What do you imagine when you think of a consultant? Someone who was lucky or had to work hard and sweat to get to where he got? The author Alan Weiss will demystify in the book "Million Dollar Consulting" all the concepts behind consulting.
It is certainly not an easy career, but with the right tactics, it is possible to get along.
This does not happen overnight; To consult with someone, you need to know very well what you are doing and teaching. After all, no one will pay a professional for nothing, is not it?
Definitely worth to spend some time to check out this Pocketbook carefully and get to know the precious tips from the world of consulting, given by the book. Stay with us in this summary!
"Million Dollar Consulting" was written by Alan Weiss. The work was revised and updated for its fifth edition in 2016.
Divided into three parts, with 18 chapters in total, the book takes us on a journey of knowledge about the world of consulting. If you are a consultant or wish to be one, this book is for you!

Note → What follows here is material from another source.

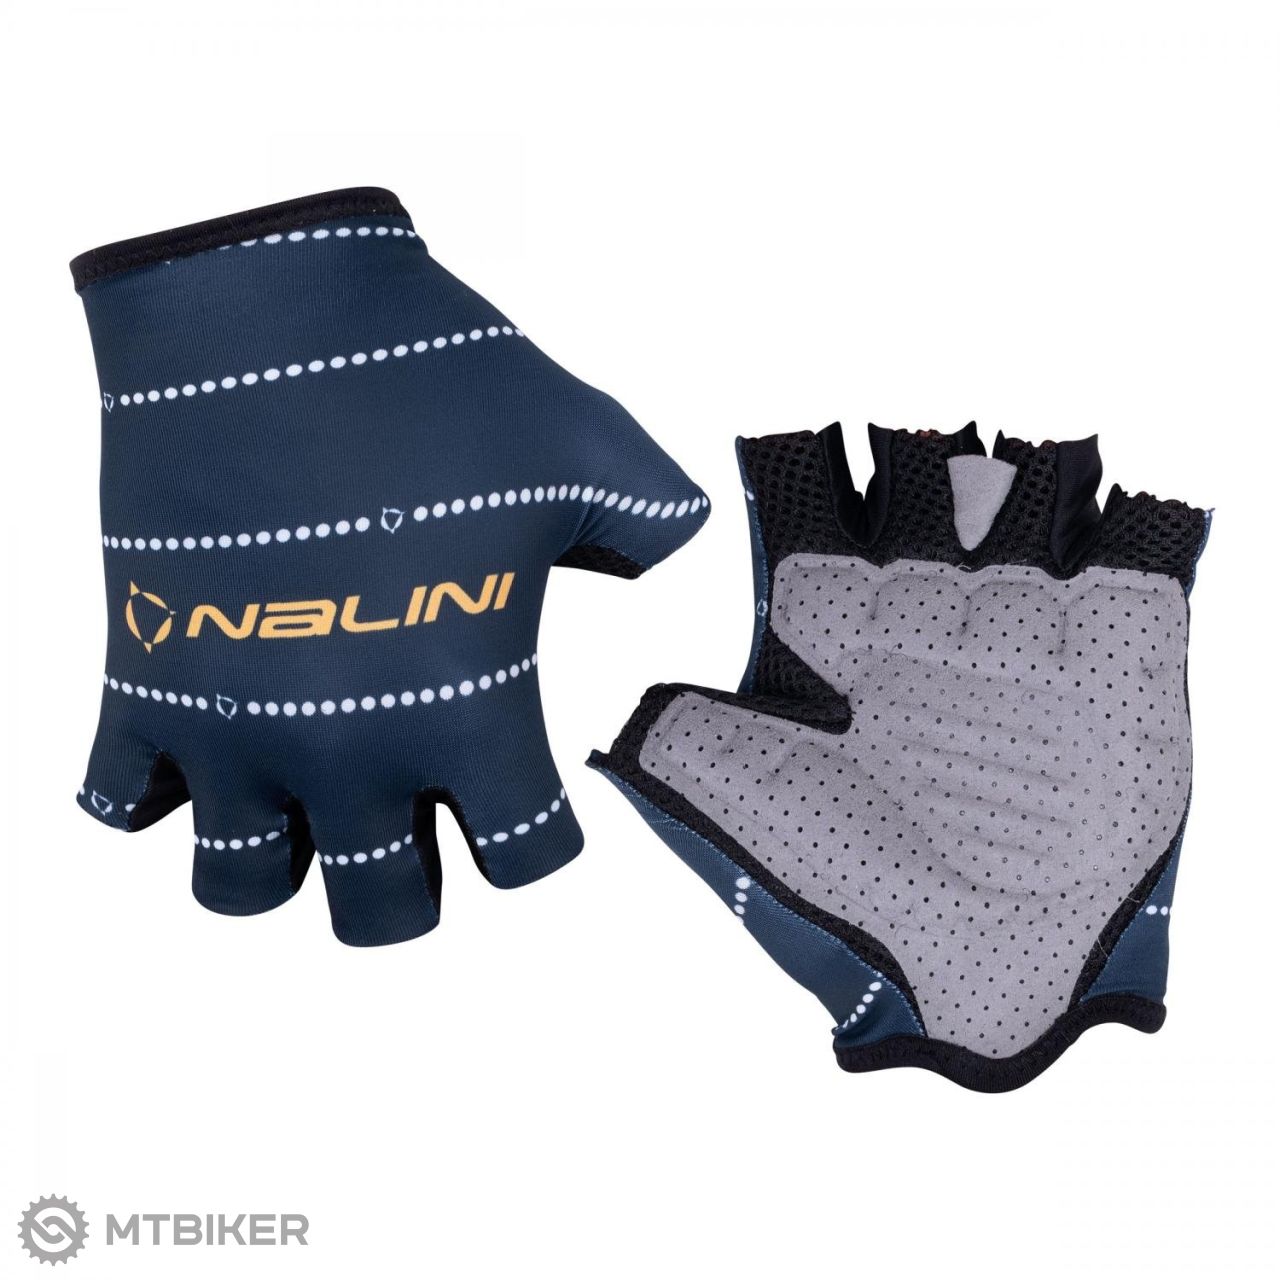 Nalini Bas Freesport-Handschuhe, dunkelblau

Owner of a consulting firm, Alan Weiss is a speaker and author of books. He holds a PhD in Psychology and has taught advanced management courses and consulting skills for MBA and PhD candidates at the University of Rhode Island.
For anyone who dreams to have a career as a consultant, or consultants who need new strategies to improve their performance and evolve their business. This book is a truly practical guide for those who want to thrive in the world of consulting.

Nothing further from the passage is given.